- AIM OF THE TASK -
With the pictures omitted, write out all of the listing exactly.

- DATA SEGMENT -
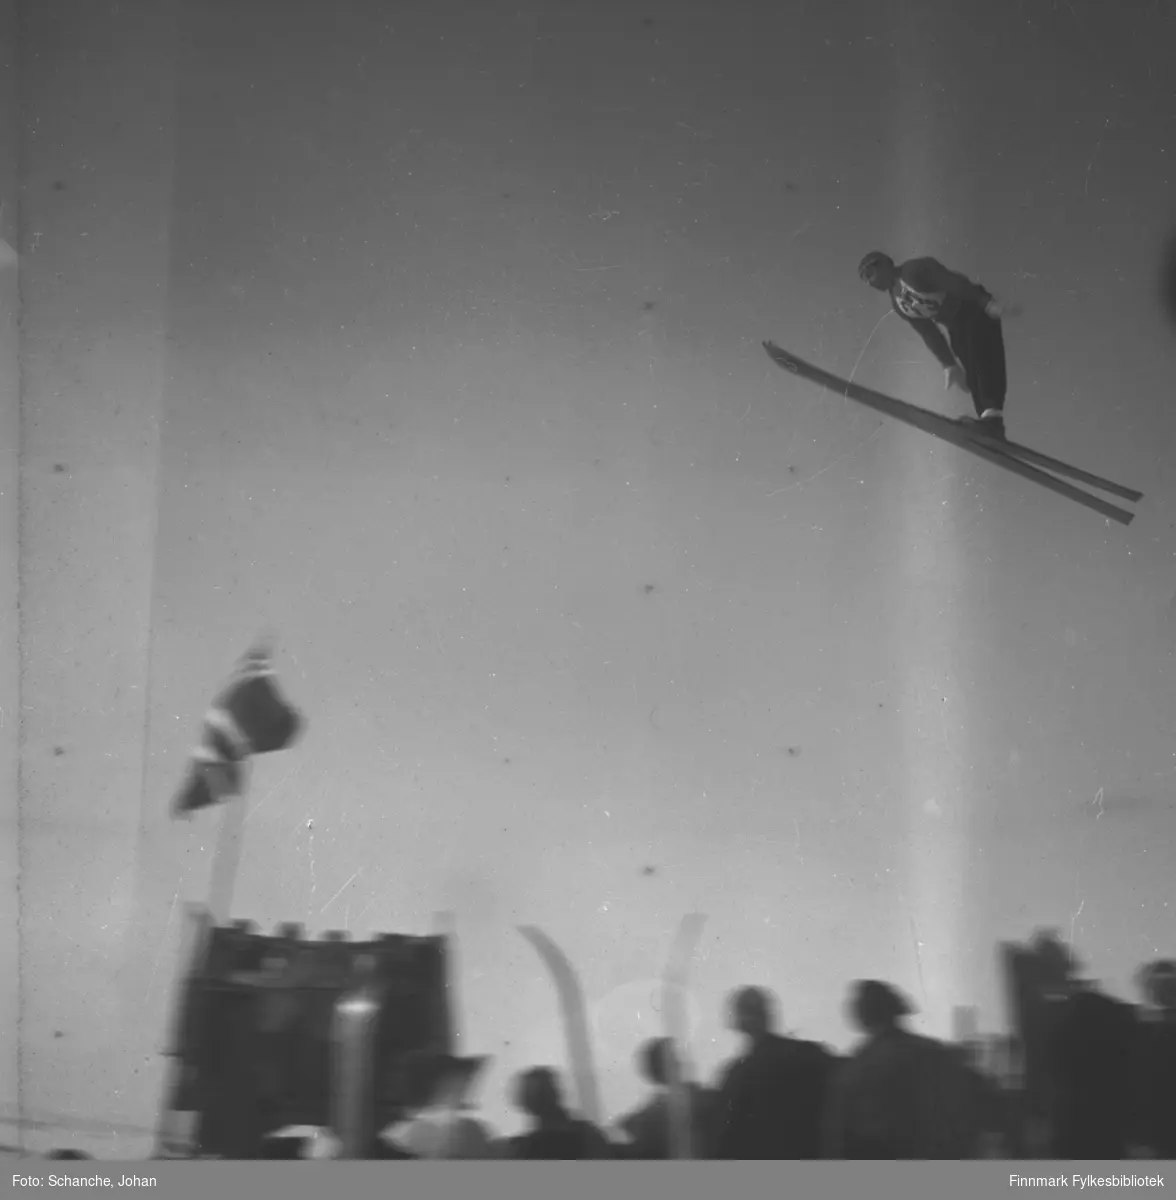 Kretsrennet på ski , Vadsø 1946. Harald Thunstad, Kirkenes hopper. Det står folk i bakken.
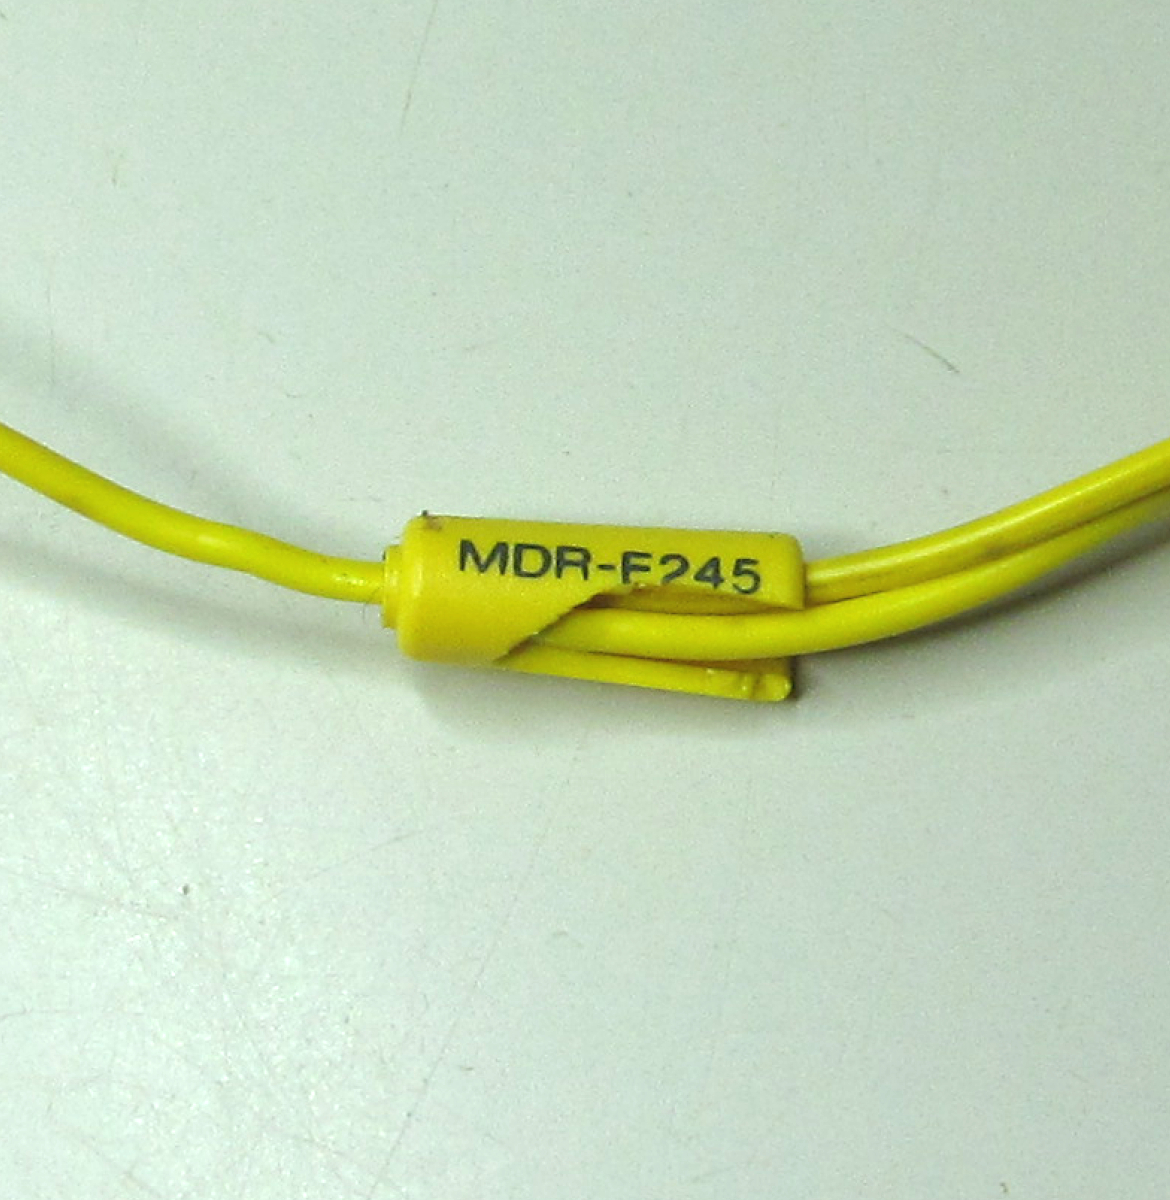 SONY/MDR-E245/ステレオイヤホン/WM-F75用/WM-75用の画像4
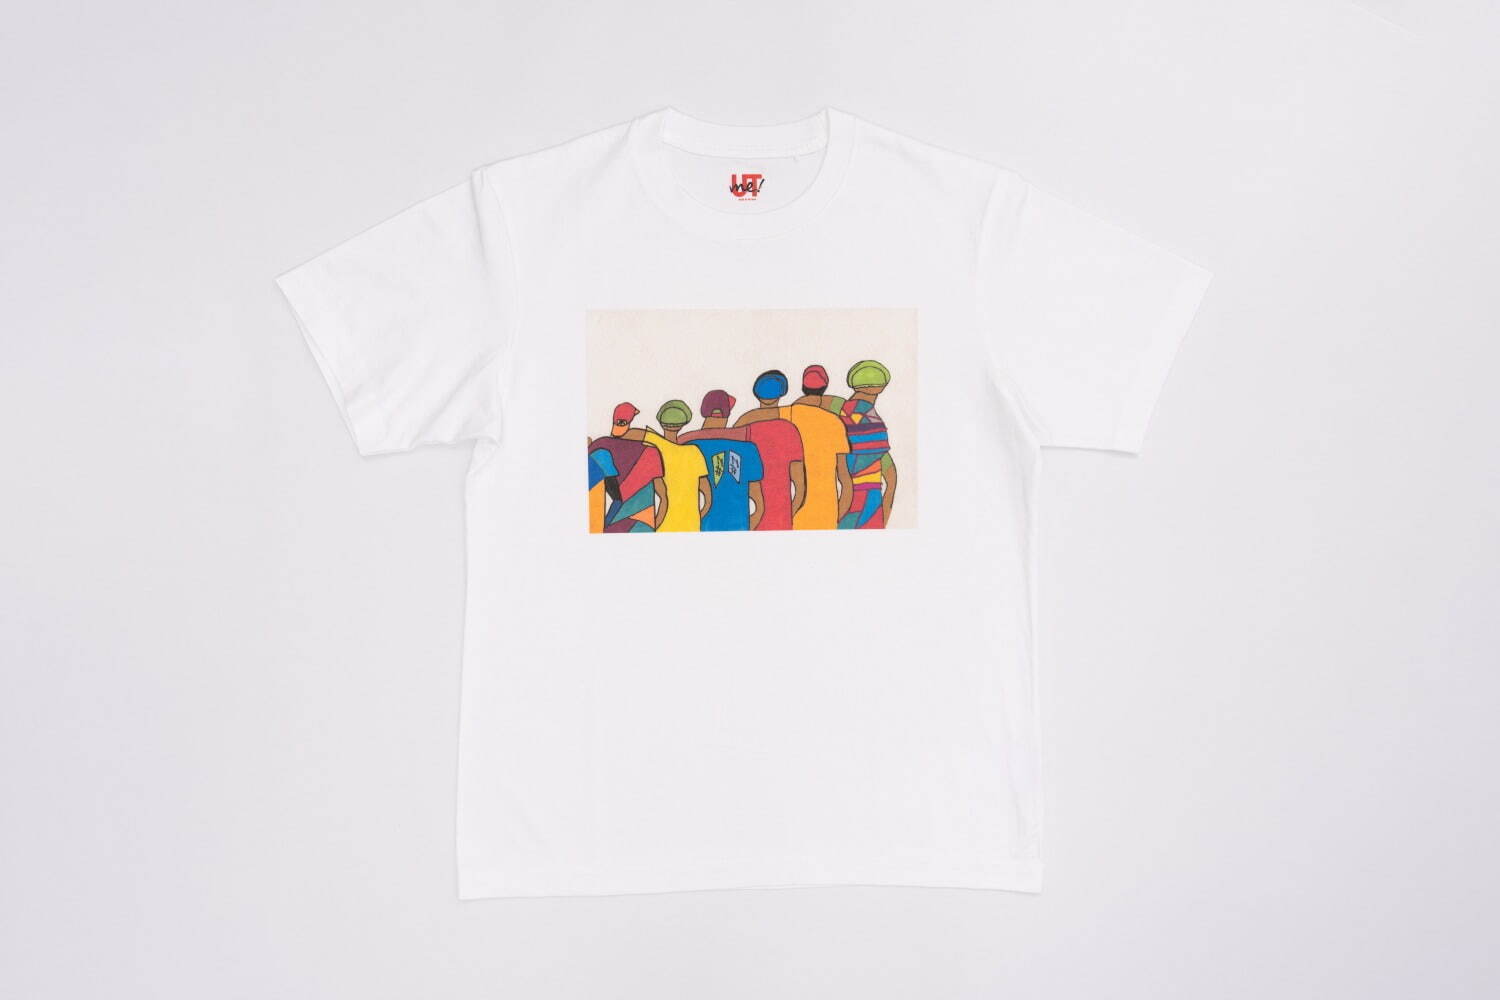 Tシャツ「友情のおきて」1,990円
受賞者：アシフィウィ

- EXERCISE RESULT -
 Kretsrennet på ski , Vadsø 1946. Harald Thunstad, Kirkenes hopper. Det står folk i bakken.
 SONY/MDR-E245/ステレオイヤホン/WM-F75用/WM-75用の画像4
 Tシャツ「友情のおきて」1,990円
受賞者：アシフィウィ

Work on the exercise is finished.